I picked beans for maybe twenty minutes this morning. Twenty minutes. That's it. And by the time I stood back up, I had filled half a garden wagon — from a single 4x8 raised bed.
I keep saying it because I still don't quite believe it myself: a 4x8 space did this. Not a sprawling half-acre plot, not rows and rows of trellising. One raised bed, some Blue Lake bush beans, and apparently a serious talent for minding their own business and just producing.
The dogs have entered the chat
Here's the part I didn't plan for: my dogs have figured out that beans and cherry tomatoes are, in their professional opinion, snacks. Not "beg at the table" snacks — I mean they walk right up to the plants and pick beans and tomatoes off the vine themselves. No assistance required. I'll be out there harvesting and turn around to find one of them mid-heist, casually helping themselves like they planted the thing.
I can't even be mad about it. If anything, it's the most honest review this garden's gotten all season — the dogs vote with their mouths, and apparently the verdict is unanimous.
So what happens to half a wagon of beans?
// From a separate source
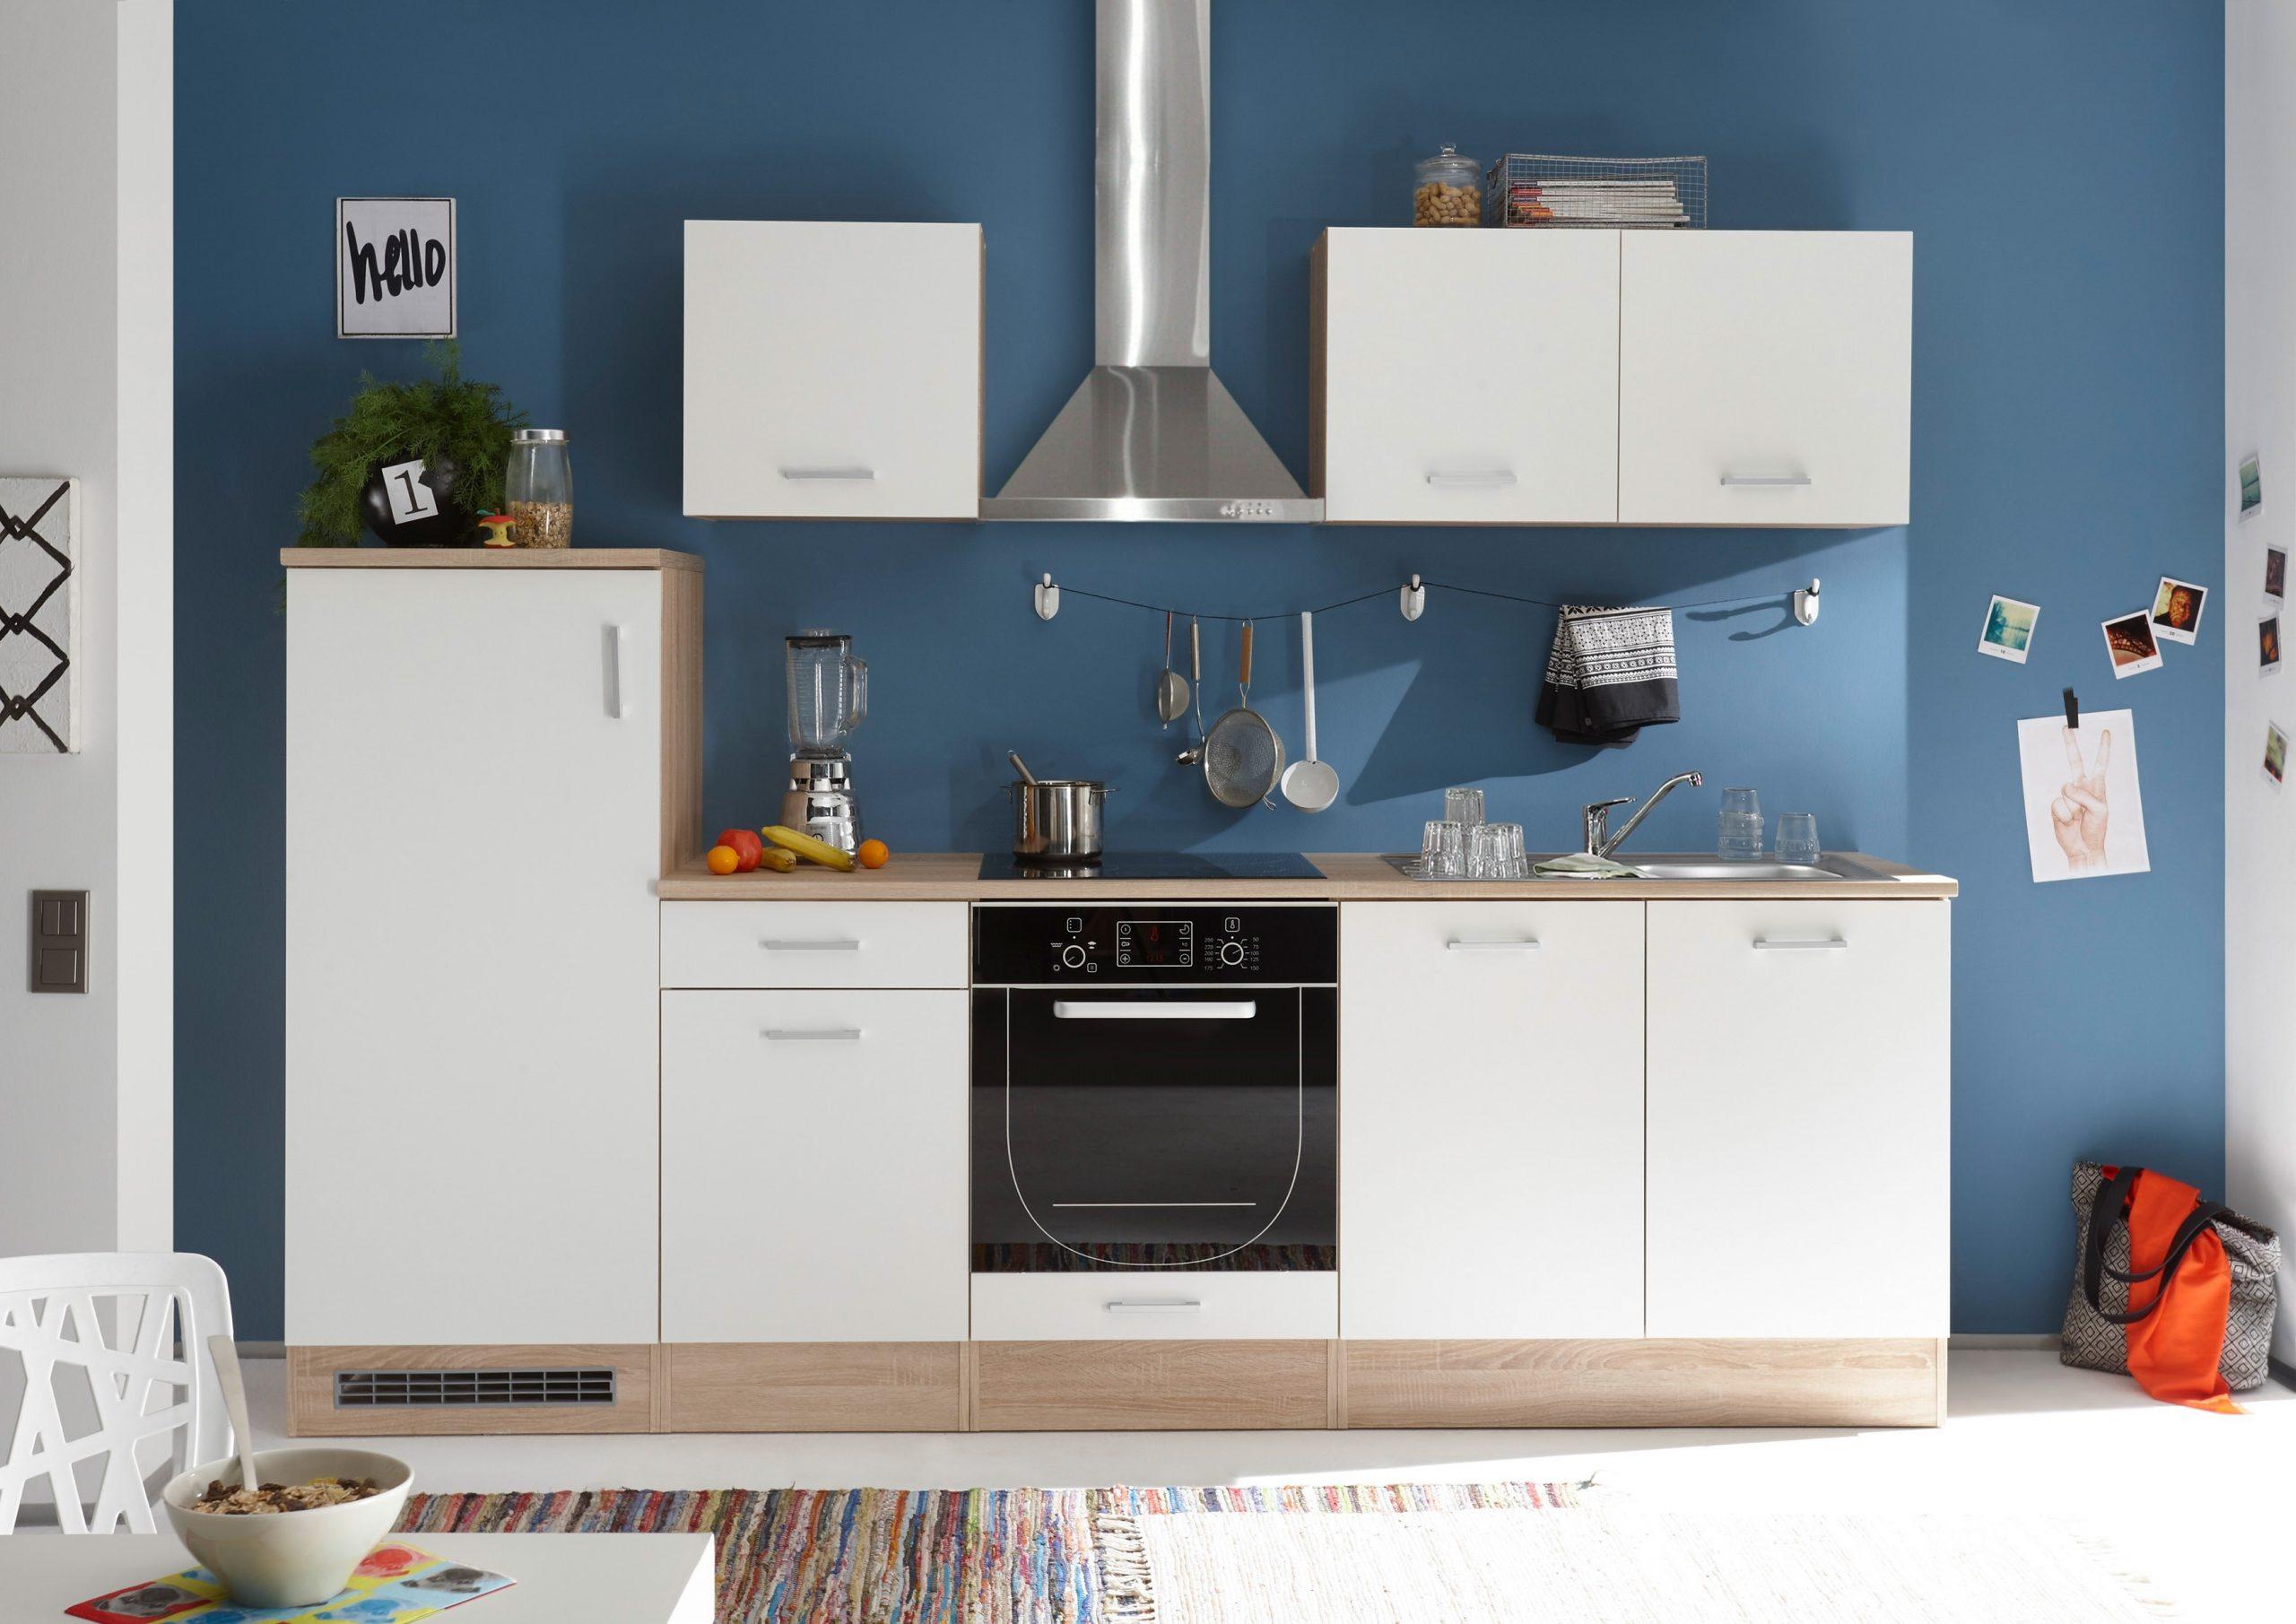 Full Size of Komplettküche Mit Geräten Komplettküche Angebot Komplettküche Kaufen Komplettküche Billig Küche Komplettküche

This batch isn't going anywhere — no giving this one away. Between blanching and freezing, a few jars getting pickled, and whatever doesn't survive the next round of dog-based quality control, it'll get used. That's genuinely the whole point of growing this much in the first place: not just the harvest itself, but having an actual plan for what happens to it afterward.
That's the part that used to trip me up before I built a real system for it — I'd get a wagon like this and just kind of... stare at it. Now I've at least got a plan before the beans hit the counter: what's getting blanched today, what's getting pickled, what's going in the freezer, and roughly how much space that's all going to take.
Get ahead of your own harvest
The Harvest & Preservation Log is exactly what I use to track hauls like this one — what got picked, how it got preserved, and what's actually in the freezer by the time winter rolls around.
Shop the Harvest LogAnd if you're staring down your own surplus wondering what to actually make with it, the Surplus Recipe Binder is built for exactly this moment — organized by crop, not by meal type, so you go straight from "too many beans" to "here's what I'm making tonight."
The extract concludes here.